(Data provided):
____________________

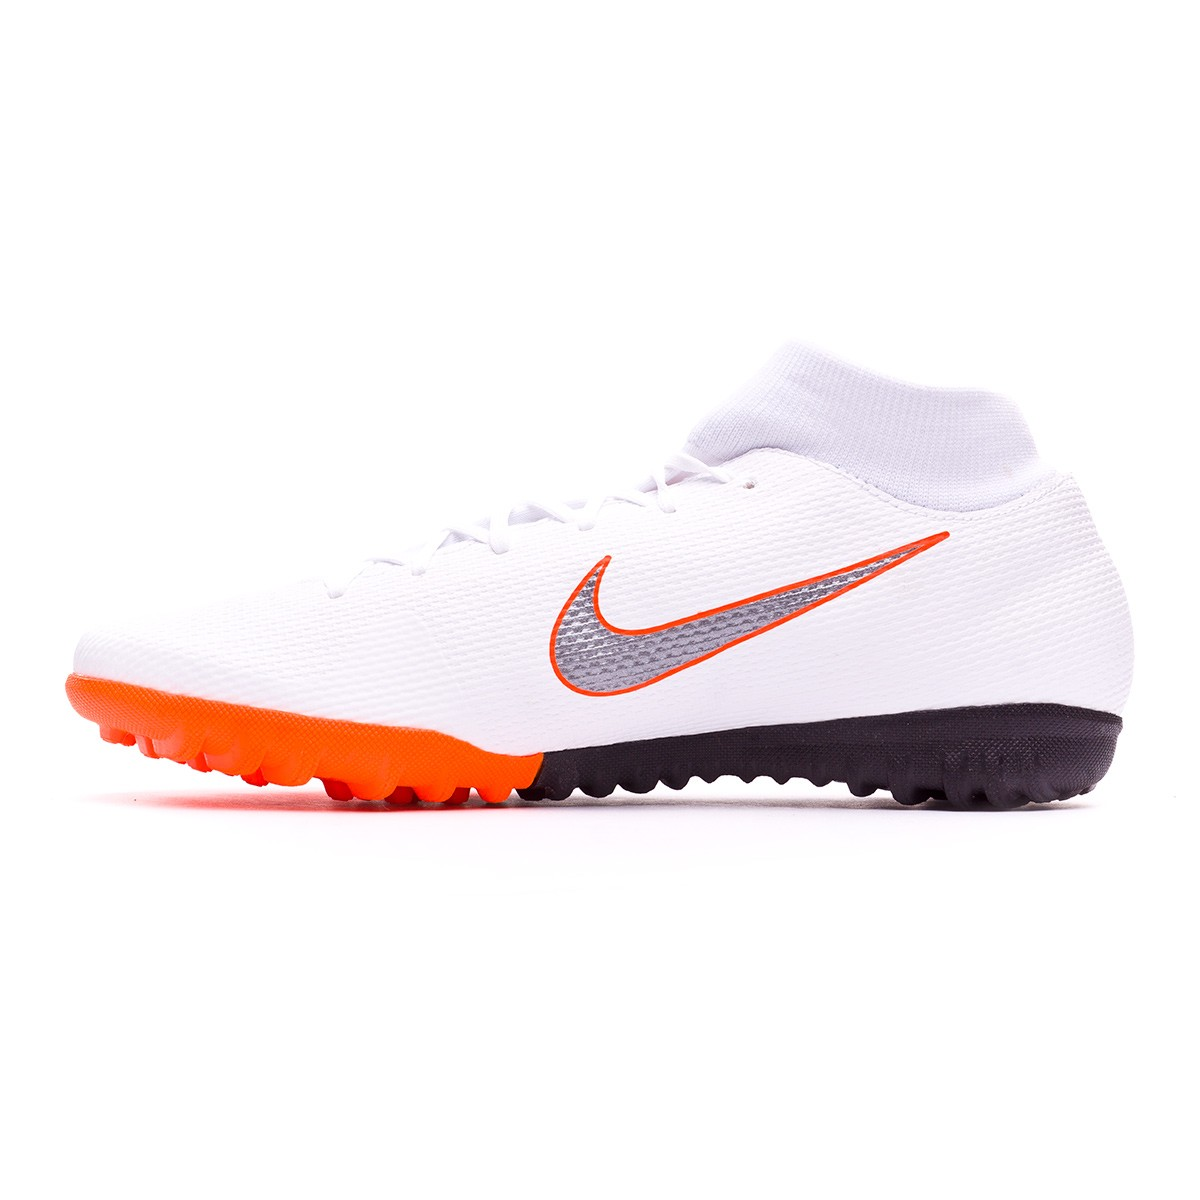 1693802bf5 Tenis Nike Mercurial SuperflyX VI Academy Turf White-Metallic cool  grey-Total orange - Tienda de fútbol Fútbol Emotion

____________________

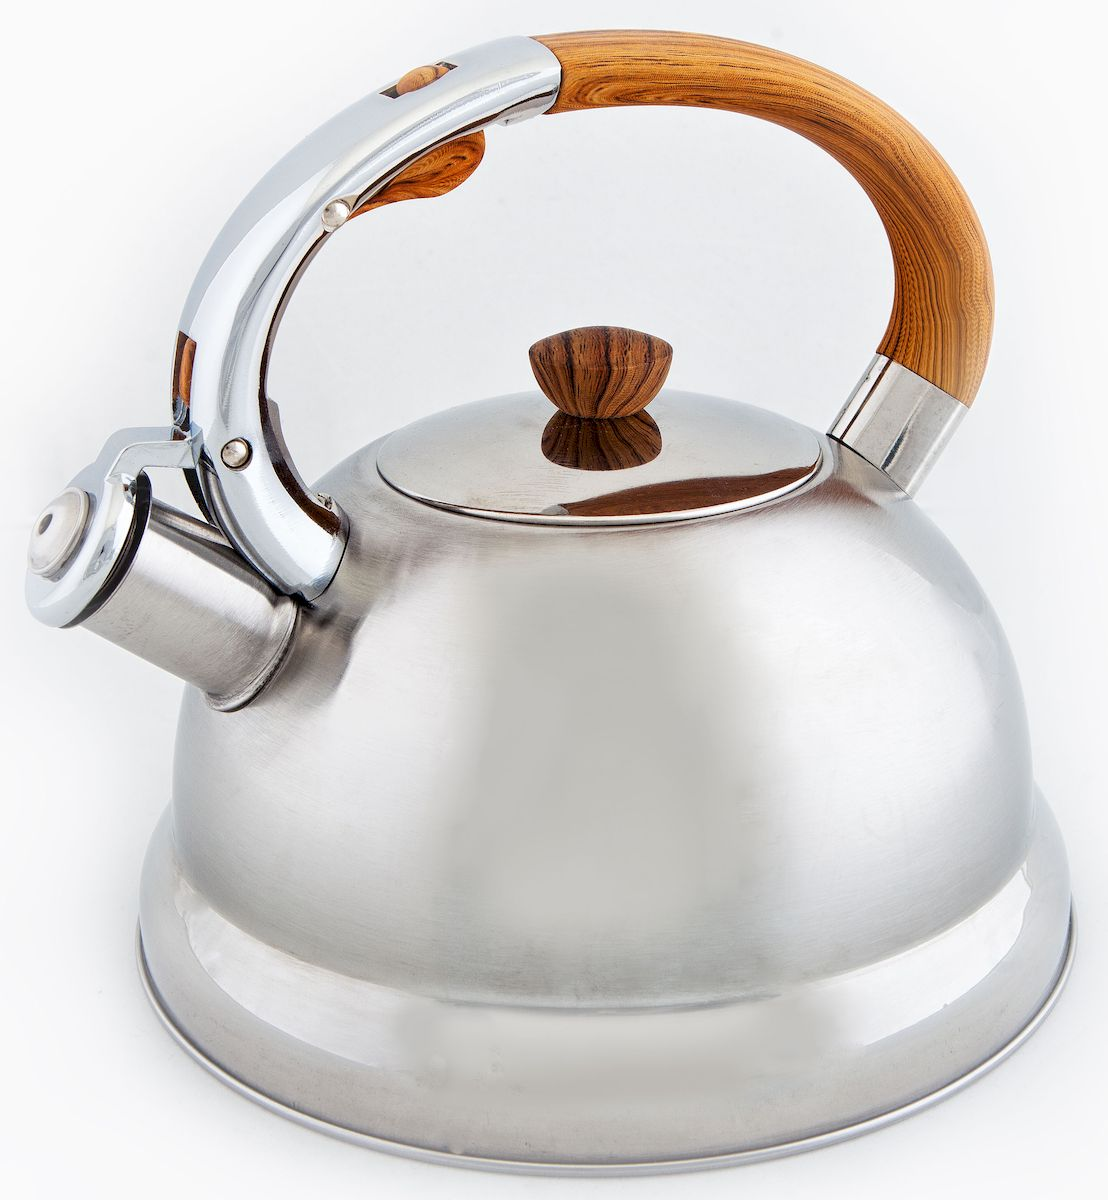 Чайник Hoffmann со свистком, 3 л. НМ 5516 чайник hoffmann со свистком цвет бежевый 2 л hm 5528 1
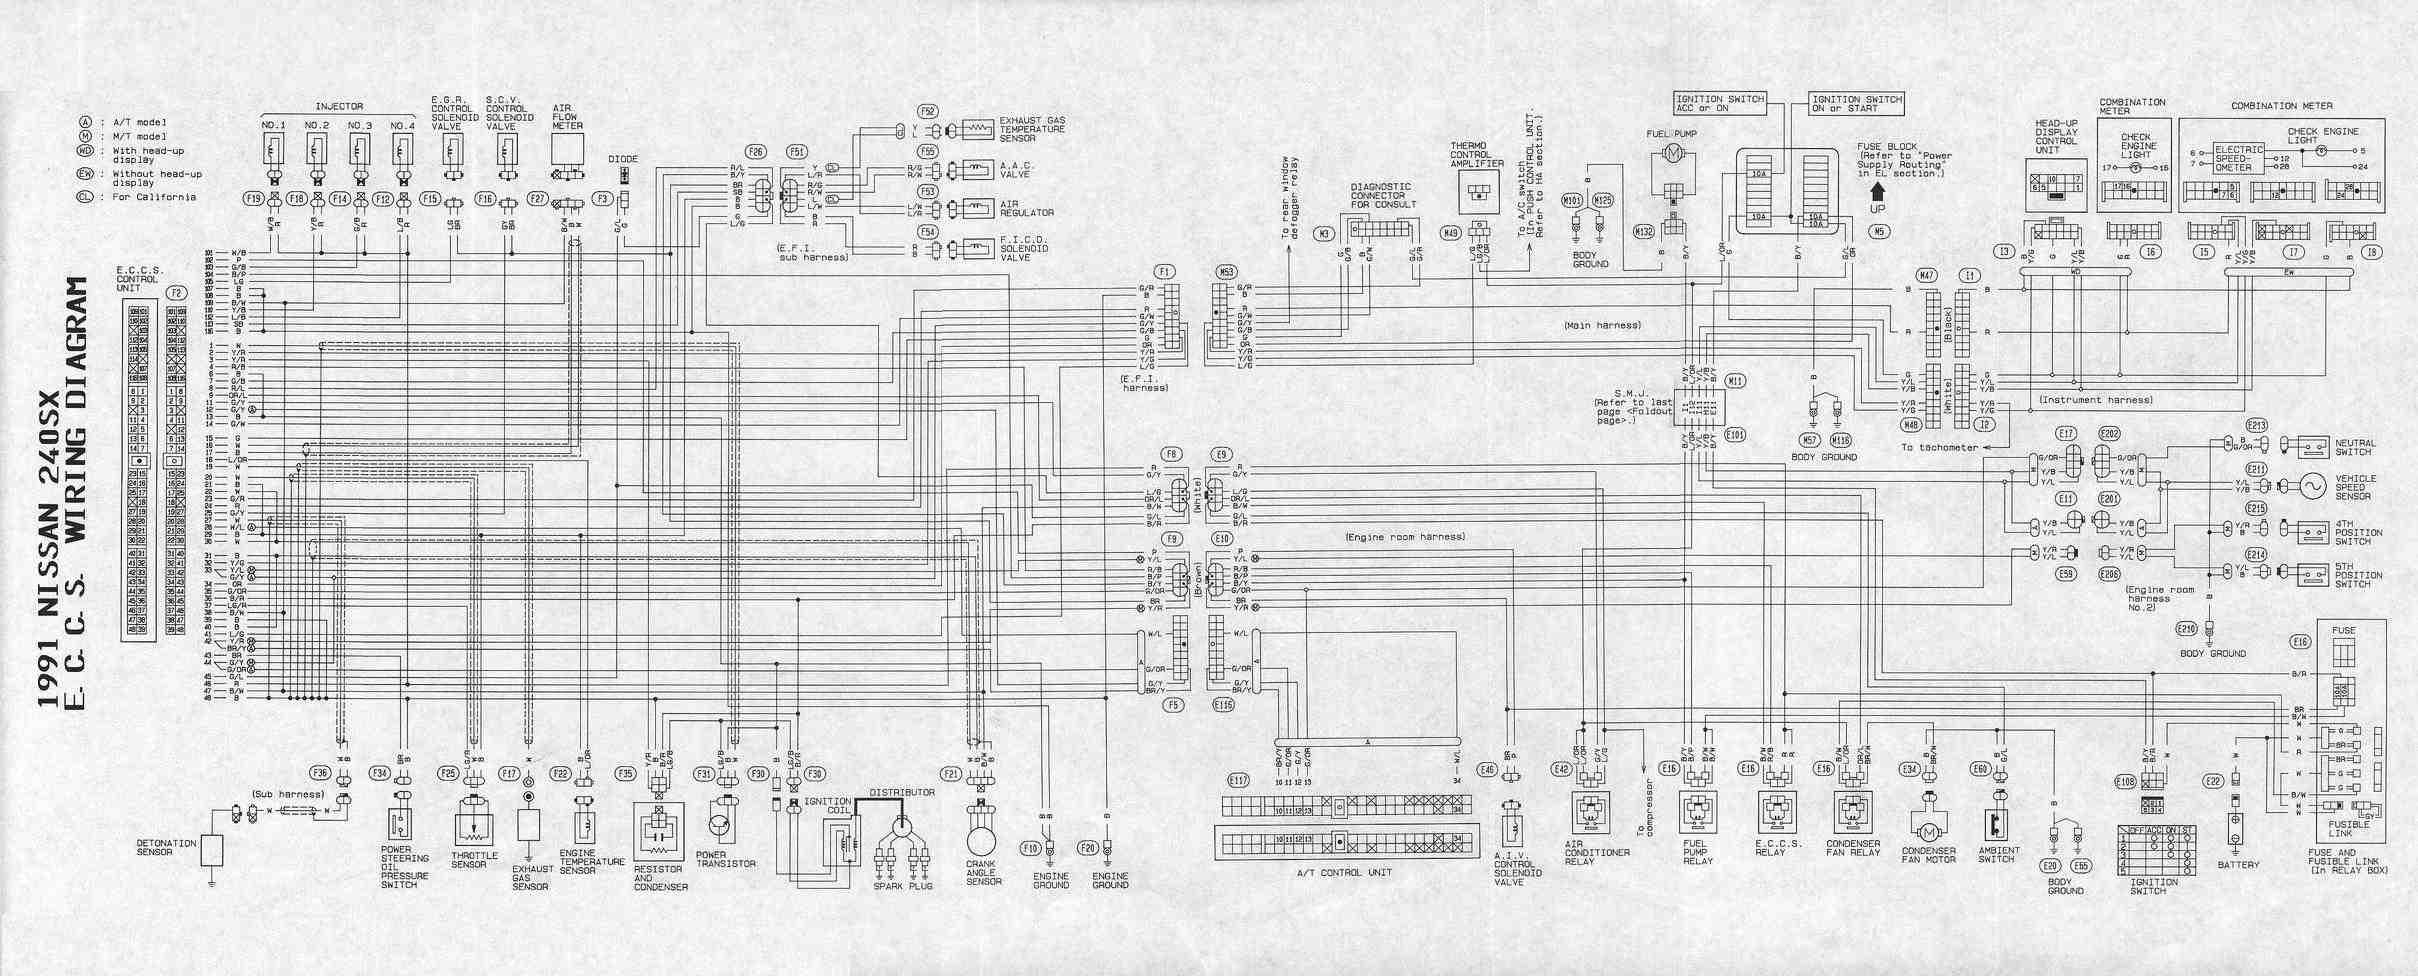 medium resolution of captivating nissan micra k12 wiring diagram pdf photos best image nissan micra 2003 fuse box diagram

____________________

(Your assignment):
Repeat exactly, and only, the entries from the line with "Чайник Hoffmann со свистком, 3" through the line with "medium resolution of". Pictures are skipped.

(Response box):
 Чайник Hoffmann со свистком, 3 л. НМ 5516 чайник hoffmann со свистком цвет бежевый 2 л hm 5528 1
 medium resolution of captivating nissan micra k12 wiring diagram pdf photos best image nissan micra 2003 fuse box diagram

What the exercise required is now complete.